* _EXERCISE DESCRIPTION_: Could every line below be transcribed exactly, with the pictures dropped?

* _RECORDED INFORMATION_:

-----

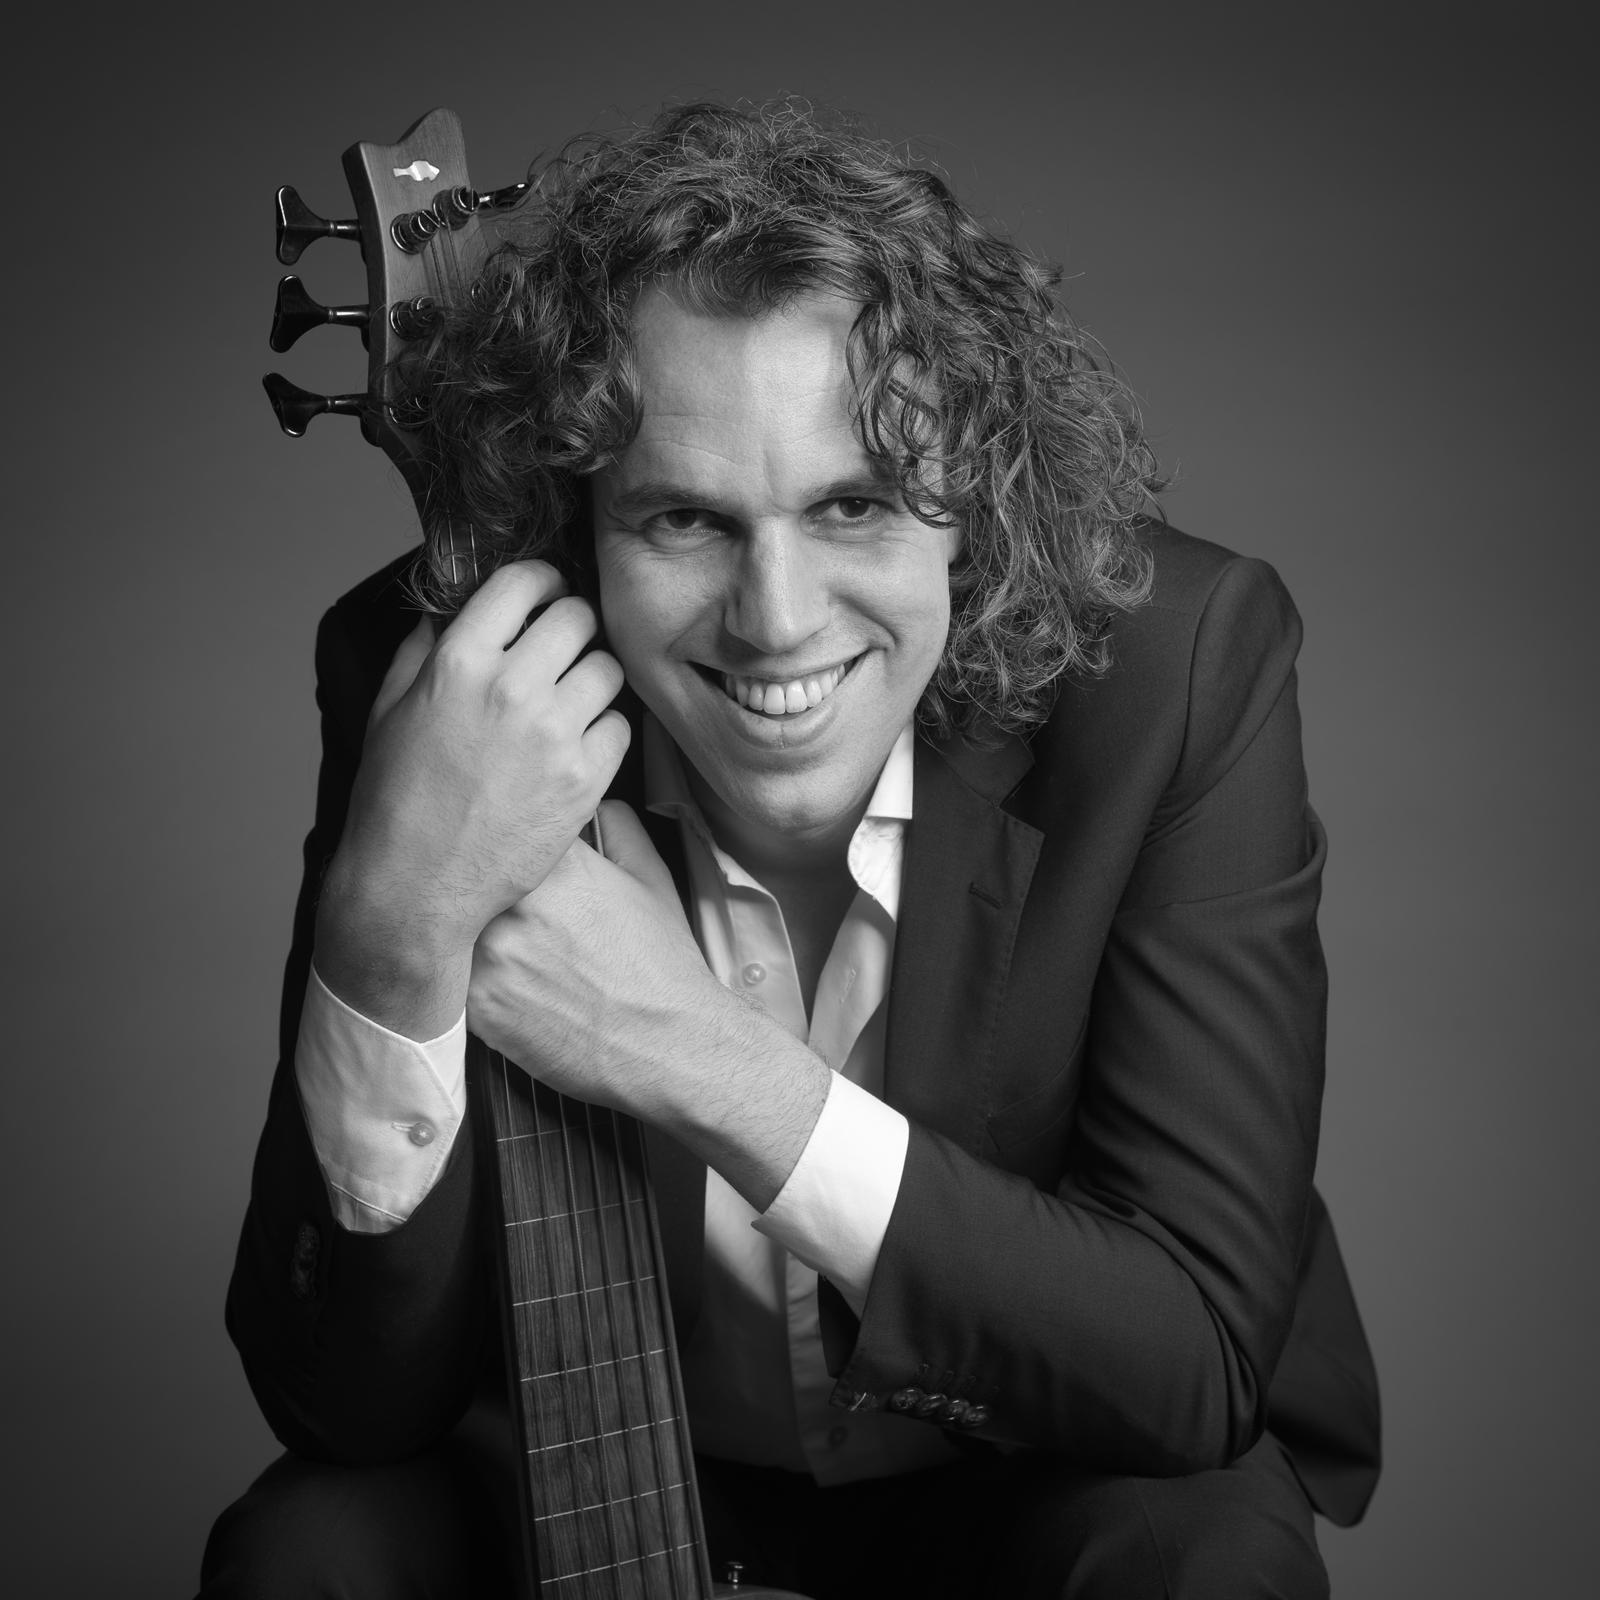 Portret van lachende muzikant met bas
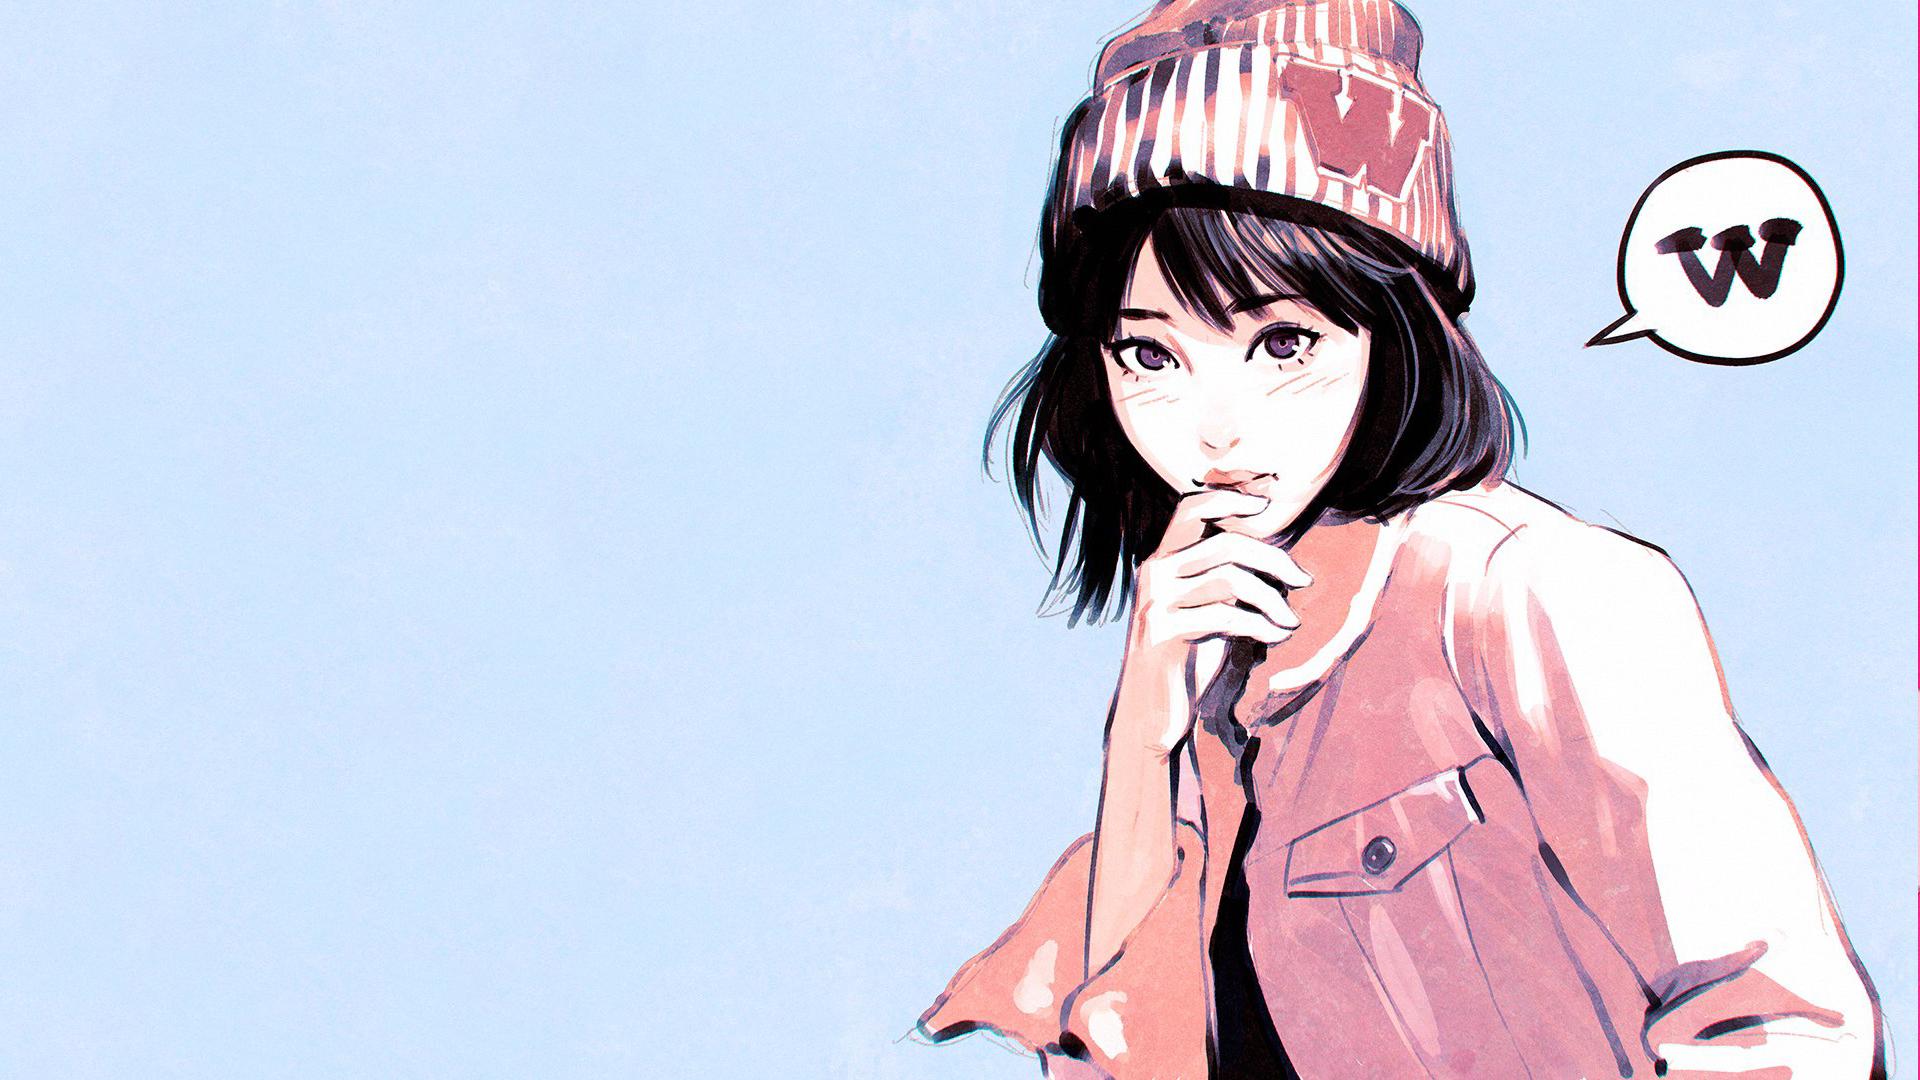 Fondos De Pantalla Ilustracion Mujer Anime Obra De Arte
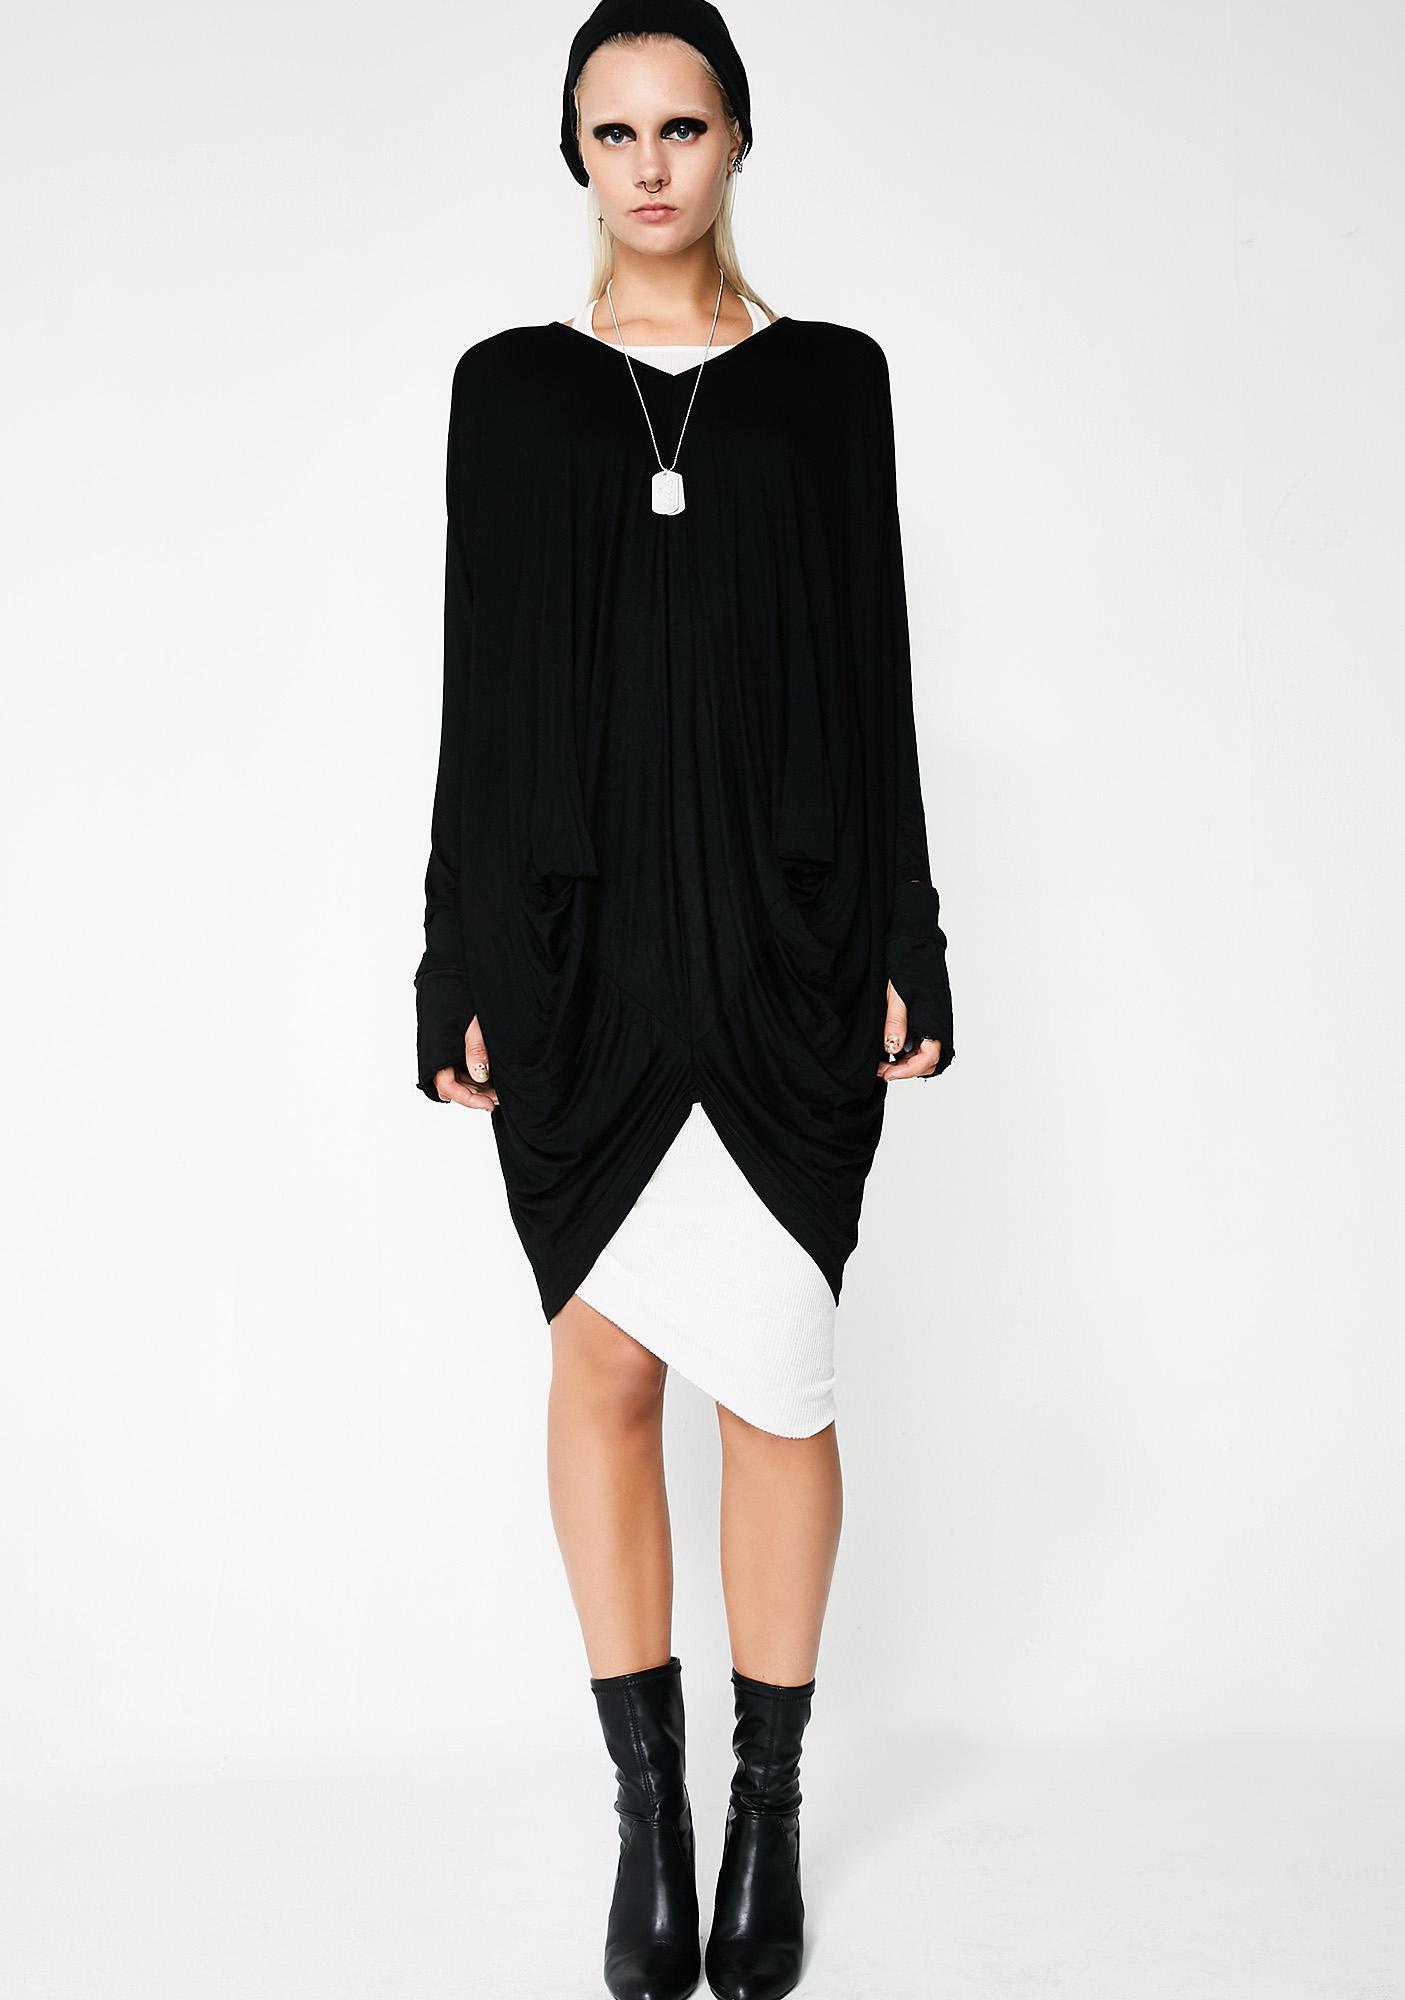 MNML Nova Long Sleeve Blouse

-----

* _TASK RESPONSE_:
 Portret van lachende muzikant met bas
 Fondos De Pantalla Ilustracion Mujer Anime Obra De Arte
 MNML Nova Long Sleeve Blouse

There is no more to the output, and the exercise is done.